In her self-published book from 2017, Pagosa Springs author Judith Stone chronicles the life and spiritual journey of Southern Ute elder and artist Russell Box Sr., whose work is featured in the Smithsonian Museum of the American Indian in Washington, D.C.
Stone worked on the book, titled “Russell Box Senior: The Physical And Spiritual Journey Of A Southern Ute Elder,” for four years starting in 2013.
In the process of writing, she started her own publishing company, Harmontrix Inc., through which she published the book after she says she was “ripped off” by her previous publishing company, AuthorHouse.

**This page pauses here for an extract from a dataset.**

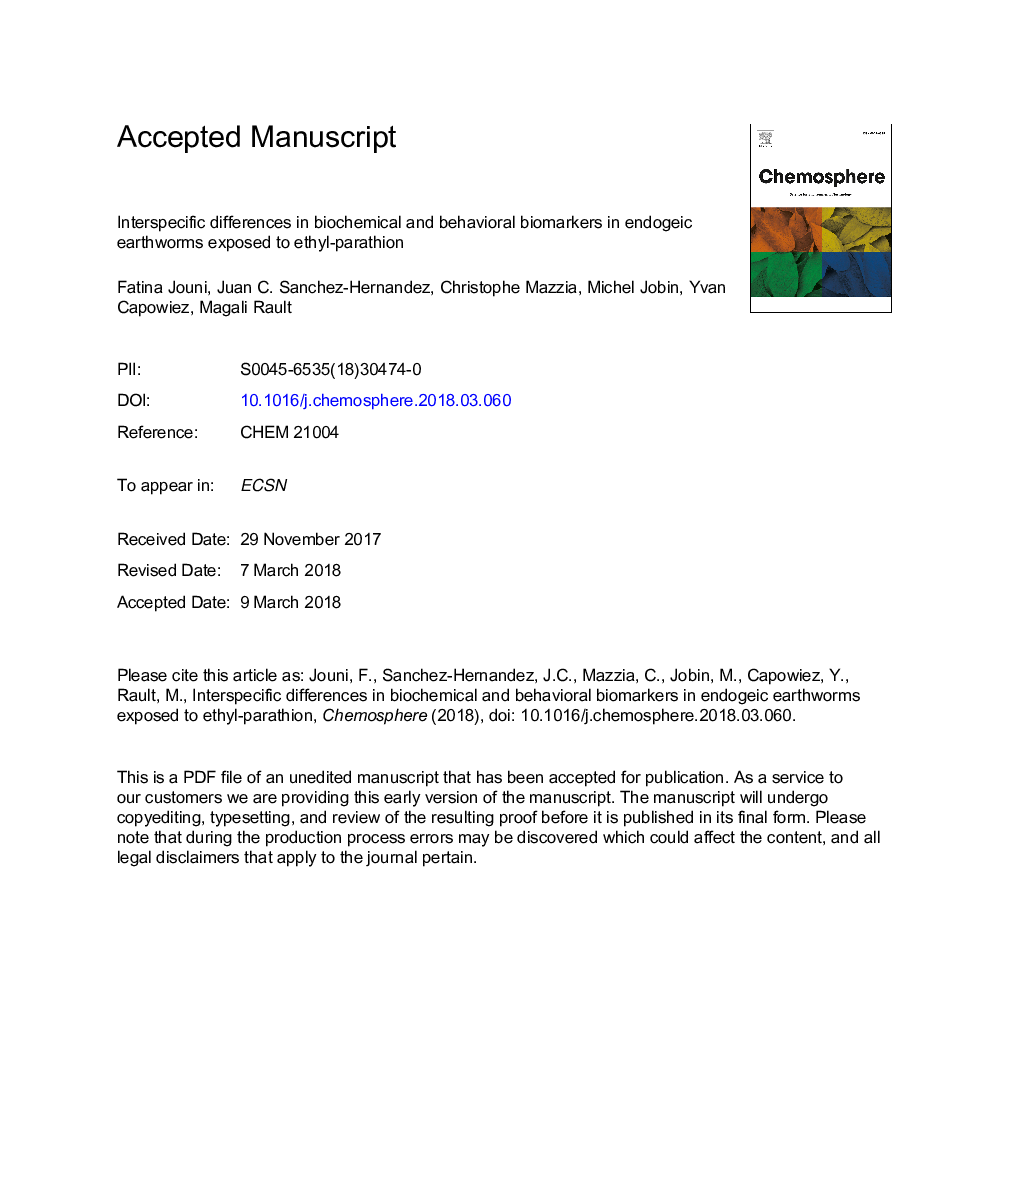 تفاوت بین گونه های بیومارکرهای بیوشیمیایی و رفتاری در کرم های خاکی اندوژن در معرض اتیل-پاراتیون

Stone says her mission is to “raise the consciousness of humanity through media.” She previously published a series of children’s books inspired by Billie, a female bison from a bison ranch in Colorado. Box’s biography is the first she has written, and she says the learning process was arduous but worth it.
Stone said that she is currently working on recording an audio version of the book, and she will be releasing podcasts that feature Box in the near future as well.
Box and Stone met in 2014 after she heard about an art showing in Colorado that featured some of his work. After she missed the event, she decided she would reach out to Box directly to try to learn more about him.
Stone says it was a “higher power” that led her to him, and she knew 10 minutes into their first meeting that she wanted to write a biography about him.
Box is now 83 years old; he is from the Mauche and Capote bands of the Southern Ute tribe. Box’s ancestors lived on plains and mountains in territory that included the Four Corners region.
Although the Southern Ute tribe enjoys great wealth today, Box’s young life was spent in poverty.
He was taken to boarding school at age 6, became an alcoholic by 16 and enlisted in the Air Force to fight in the Korean War. After leaving the military, Box got sober, raised a family and went to art school in his 40s, after which time he began growing in recognition for his artwork.
Stone says that Box was “saved” by Christianity and that the faith brought him back to some of the traditions of his tribe that he had practiced when he was younger, something she says is ironic given that Christianity was historically the faith of the colonists who ailed the Native Americans.
Duke University law professor Steve Sachs wrote about this in his foreword for Box’s biography. He approached Stone after hearing about her project because he wanted to provide context in the book regarding Anglo-American attitudes toward Native American peoples.
While the content of the book itself touches on the themes of oppression familiar to any scholar of Native American history, Sachs’ foreword provides a well-documented and -cited history of the abuse endured by tribes such as the Southern Utes.
Stone says that the biggest reasons people should read the biography are that Box’s story is one to which many people can relate, and he provides “hope” and “spiritual knowledge” through his story, as well.
“It’s an experience we’ve all gone through at some level,” Stone told The Journal in an interview.
In 2016, Stone performed at a Raven Narratives event, describing how she began her foray into writing in 2002 after surviving an automobile accident.
She was scheduled to attend an event at the Mancos Public Library with Box to talk about her book and sign copies Thursday at 7 p.m.
“Russell Box Senior: The Physical and Spiritual Journey of a Southern Ute Elder” is available in Montezuma bookstores and libraries, including Kilgore American Indian Art in Mancos and Notah Dineh in Cortez.